Item 1.01 Entry into a Material Definitive Agreement.
Strategic Transaction
On November 18, 2020, Bally’s Corporation (the “Company”) and Sinclair Broadcast Group, Inc. (“Sinclair”) entered into a Framework Agreement (the “Framework Agreement,” and completed the transactions contemplated thereby, the “Transactions”), which provide for a long-term strategic relationship between the Company and Sinclair combining Bally’s integrated, proprietary sports betting technology with Sinclair’s portfolio of local broadcast stations and live regional sports networks and its Tennis Channel, Stadium sports network and STIRR streaming service.
Under the terms of the Transactions, over the ten-year term of the relationship the Company will be required to pay annual naming rights fees to the regional sports networks and has committed to spend a percentage of its annual interactive marketing spend on those networks. In addition, the Company has issued to Sinclair (i) an immediately exercisable warrant to purchase up to 4,915,726 shares of the Company at an exercise price of $0.01 per share, (ii) a warrant to purchase up to a maximum of 3,279,337 additional shares of the Company at a price of $0.01 per share subject to the achievement of various performance metrics, and (iii) an option to purchase up to 1,639,669 additional shares in four tranches with purchase prices ranging from $30.00 to $45.00 per share, exercisable over a seven-year period beginning on the fourth anniversary of the November 18, 2020 closing. The exercise and purchase prices and the number of shares issuable upon exercise of the warrants and options are subject to customary anti-dilution adjustments. The issuance pursuant to the warrants and options of shares in excess of 19.9% of the Company’s currently outstanding shares is subject to the approval of the Company’s stockholders in accordance with the rules of the New York Stock Exchange (“NYSE”), and to the extent stockholder approval is not obtained, the Company would pay cash to Sinclair in lieu of Sinclair being permitted to purchase, pursuant to the exercise of warrants or options, greater than 19.9% of the Company’s outstanding common shares. The Company has entered into a Voting and Support Agreement pursuant to which Standard RI Ltd., the holder of approximately 37.6% of the Company’s outstanding shares, and each of the executive officers and directors of the Company have agreed to vote the shares beneficially owned by them in favor of the share issuance at a meeting of the Company’s stockholders.

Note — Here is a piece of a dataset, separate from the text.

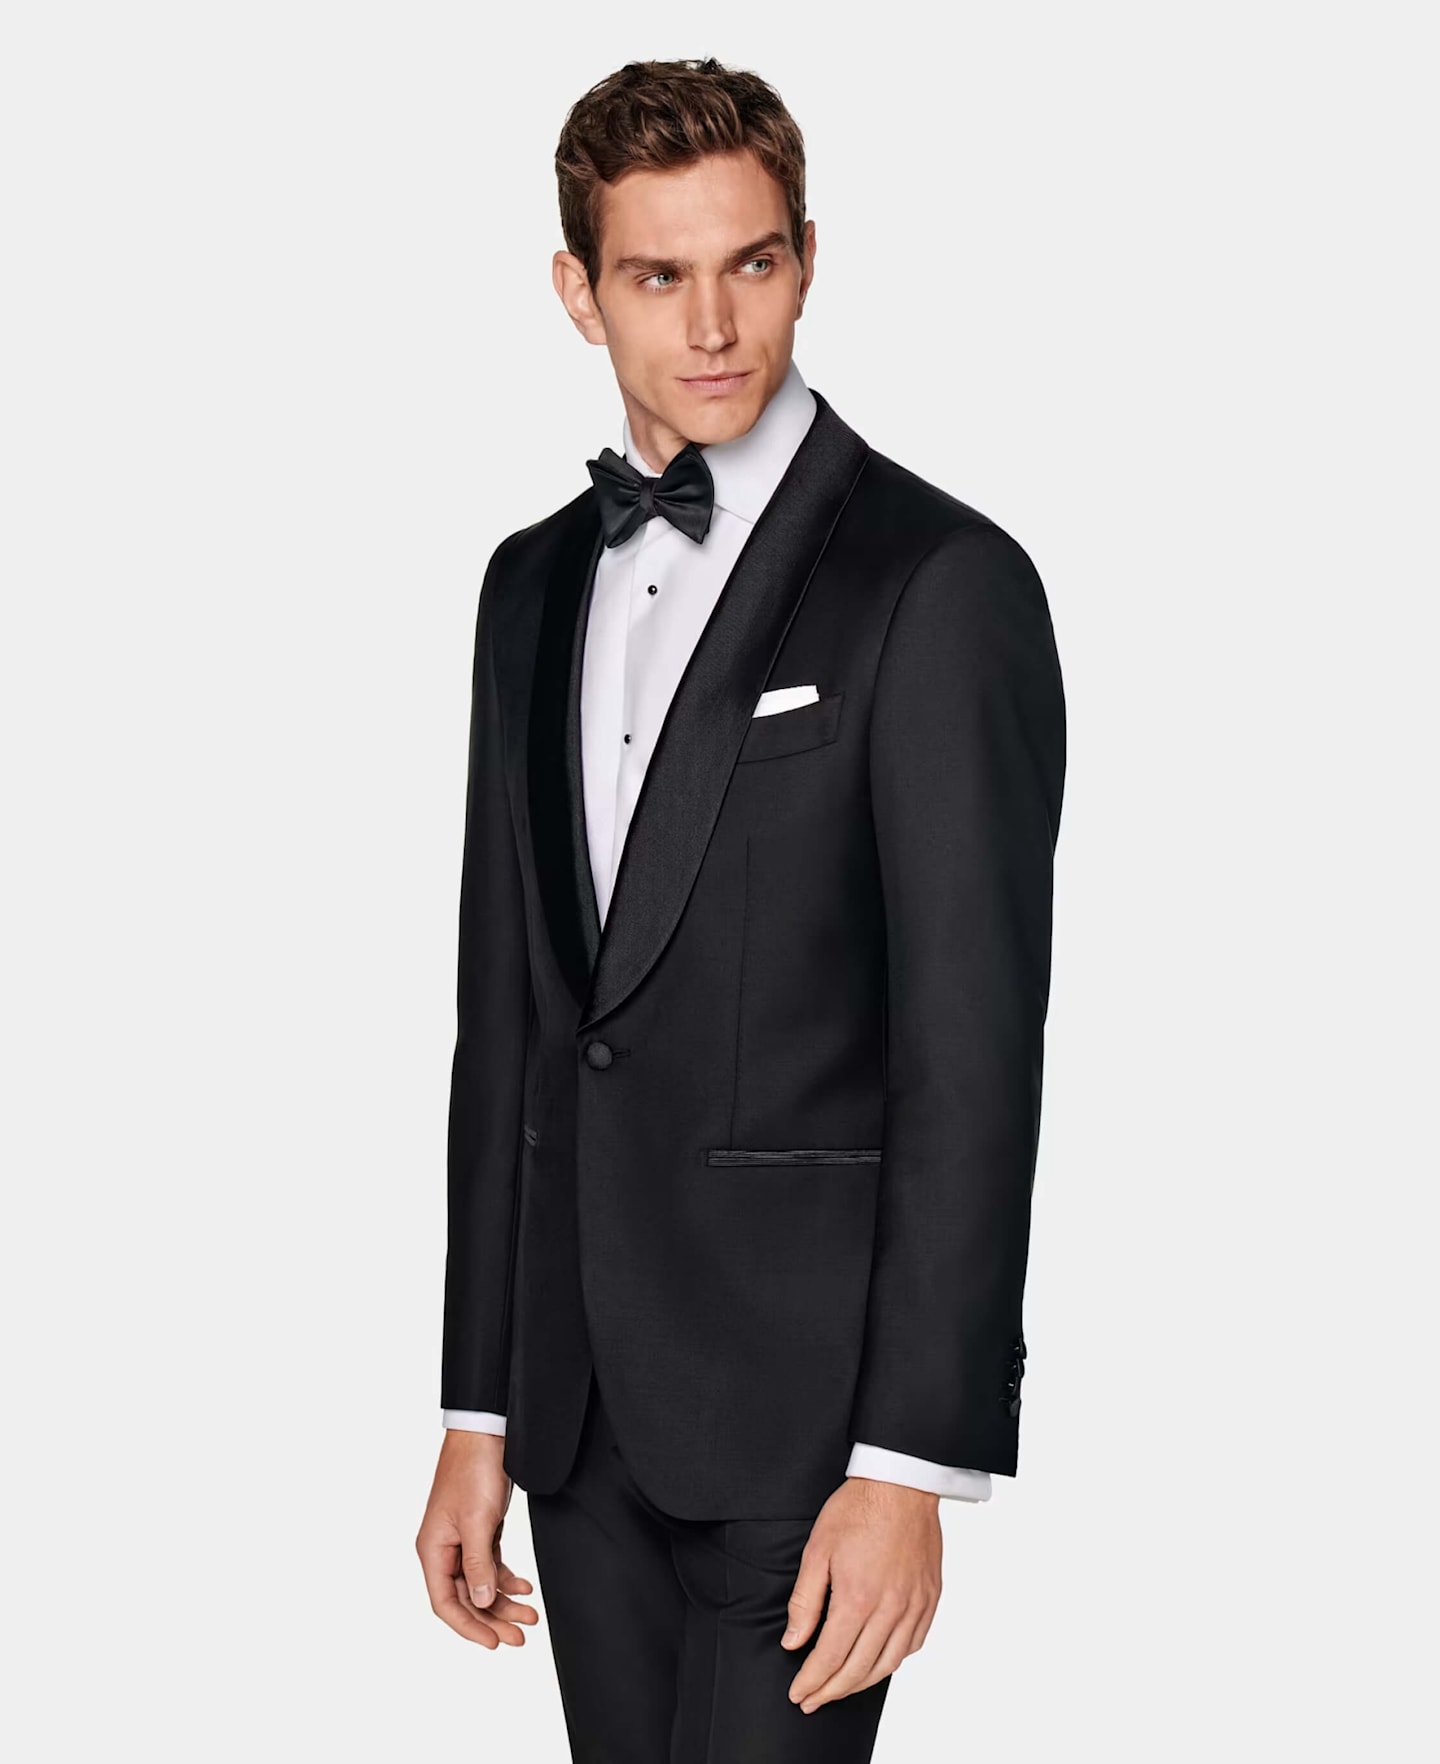 Wedding Suits For Men - Black Tie Dresscode | SUITSUPPLY NL

Sinclair may not hold more than 4.9% of the Company’s outstanding common shares at any time without obtaining necessary gaming approvals. Sinclair may not transfer any shares of common stock prior November 18, 2021 and, for a year thereafter, may not transfer during any quarter shares representing more than 1% of the Company’s outstanding common stock, other than in an underwritten offering.

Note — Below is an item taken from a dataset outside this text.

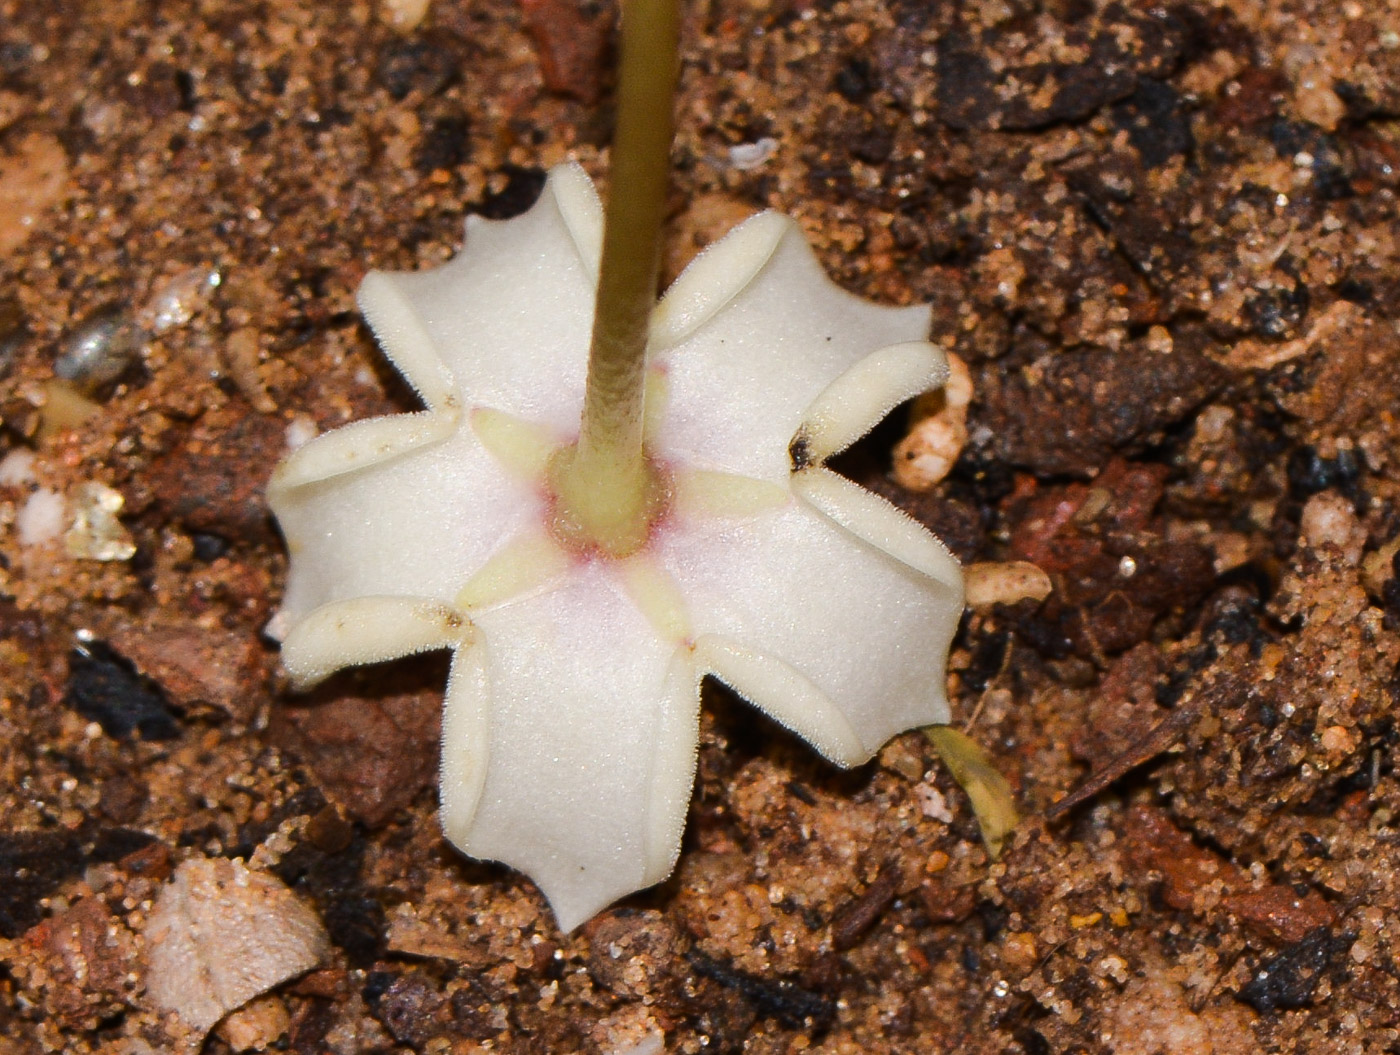 Image of genus Hoya specimen.

Agreements Providing for Bet.Works Acquisition
On November 18, 2020, the Company and Bet.works Corp. (“Bet.Works”) entered into a definitive agreement pursuant to which the Company will acquire Bet.Works (the “Bet.Works Acquisition”). At closing, the Company will pay the shareholders of Bet.Works $62.5 million in cash and 2,528,194 Company common shares, subject in each case to customary adjustments. The shareholders of Bet.Works will not transfer any shares of Company common stock received in the Bet.Works Acquisition prior to the one-year anniversary of the closing and, for the next year thereafter, may transfer only up to 1% of the Company’s common stock per quarter.

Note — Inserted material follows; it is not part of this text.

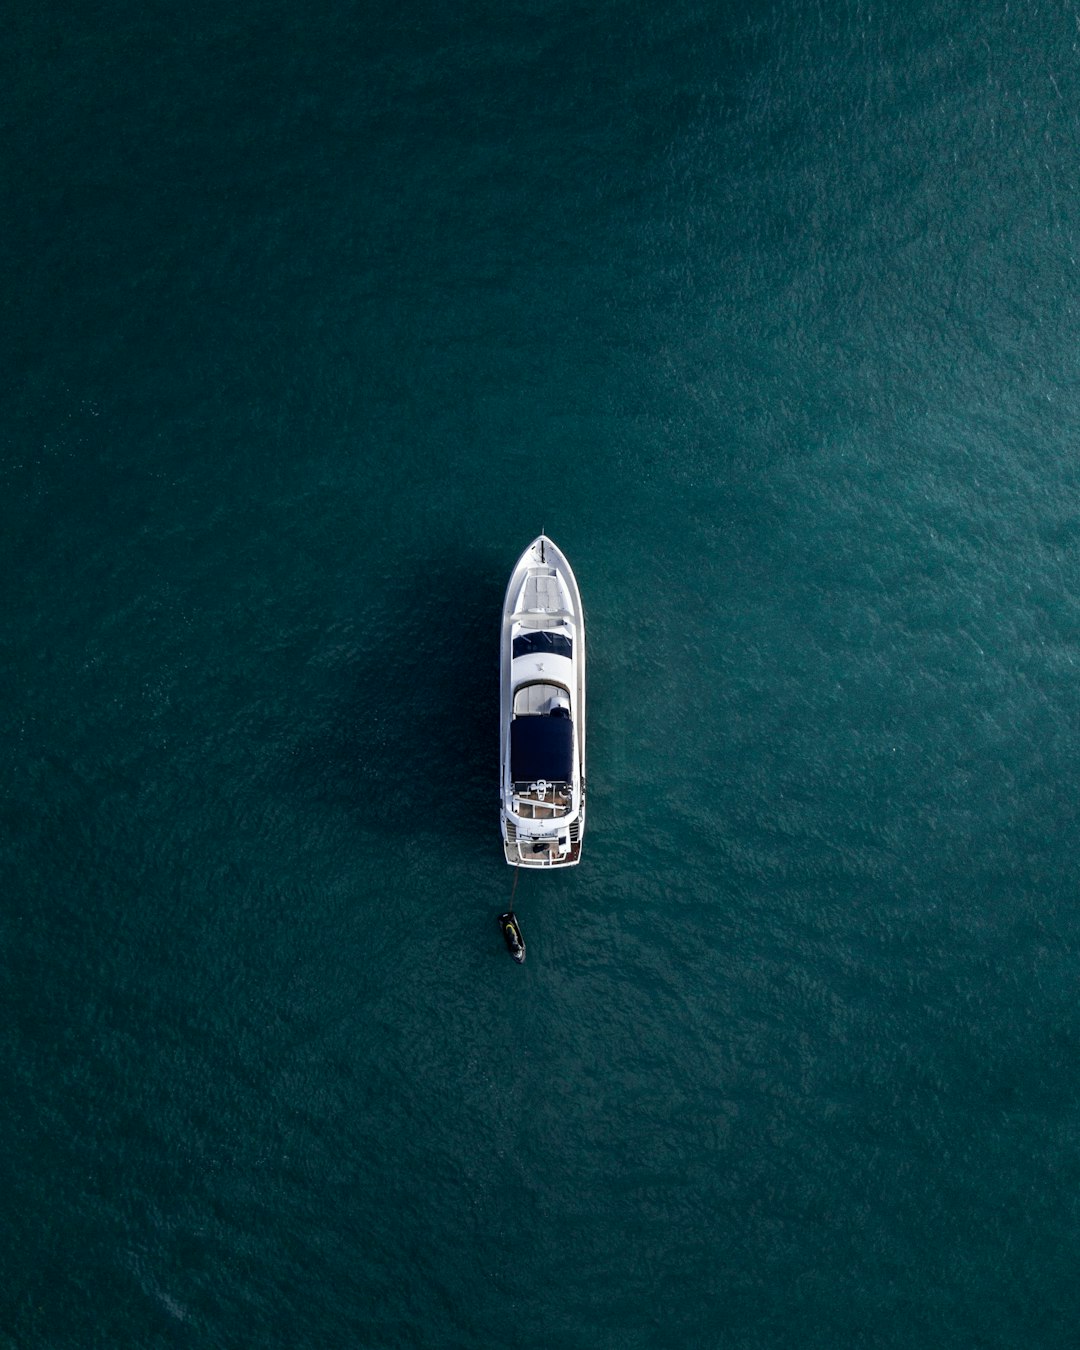 Bahamian Dreams: How to Charter Luxury Boats in the Bahamas

To the extent required by NYSE listing requirements, the Company will submit the issuance of Company common stock in connection with the Bet.Works Acquisition to a stockholder vote at the same time as the Sinclair Transactions are submitted. To the extent stockholder approval is required, Standard RI Ltd. and each of the executive officers and directors of the Company have agreed to vote their beneficially-owned shares in favor of the Bet.Works Acquisition at the stockholder meeting to approve the share issuance.
Consummation of the Bet.Works Acquisition is subject to customary conditions, including receipt of required regulatory approvals. If the Bet.Works Acquisition is terminated in certain circumstances as a result of the failure of the Company to obtain regulatory approvals, then the Company may be obligated to pay a termination fee of $5.0 million.
The Company expects to close the Bet.Works Acquisition in the first quarter of 2021.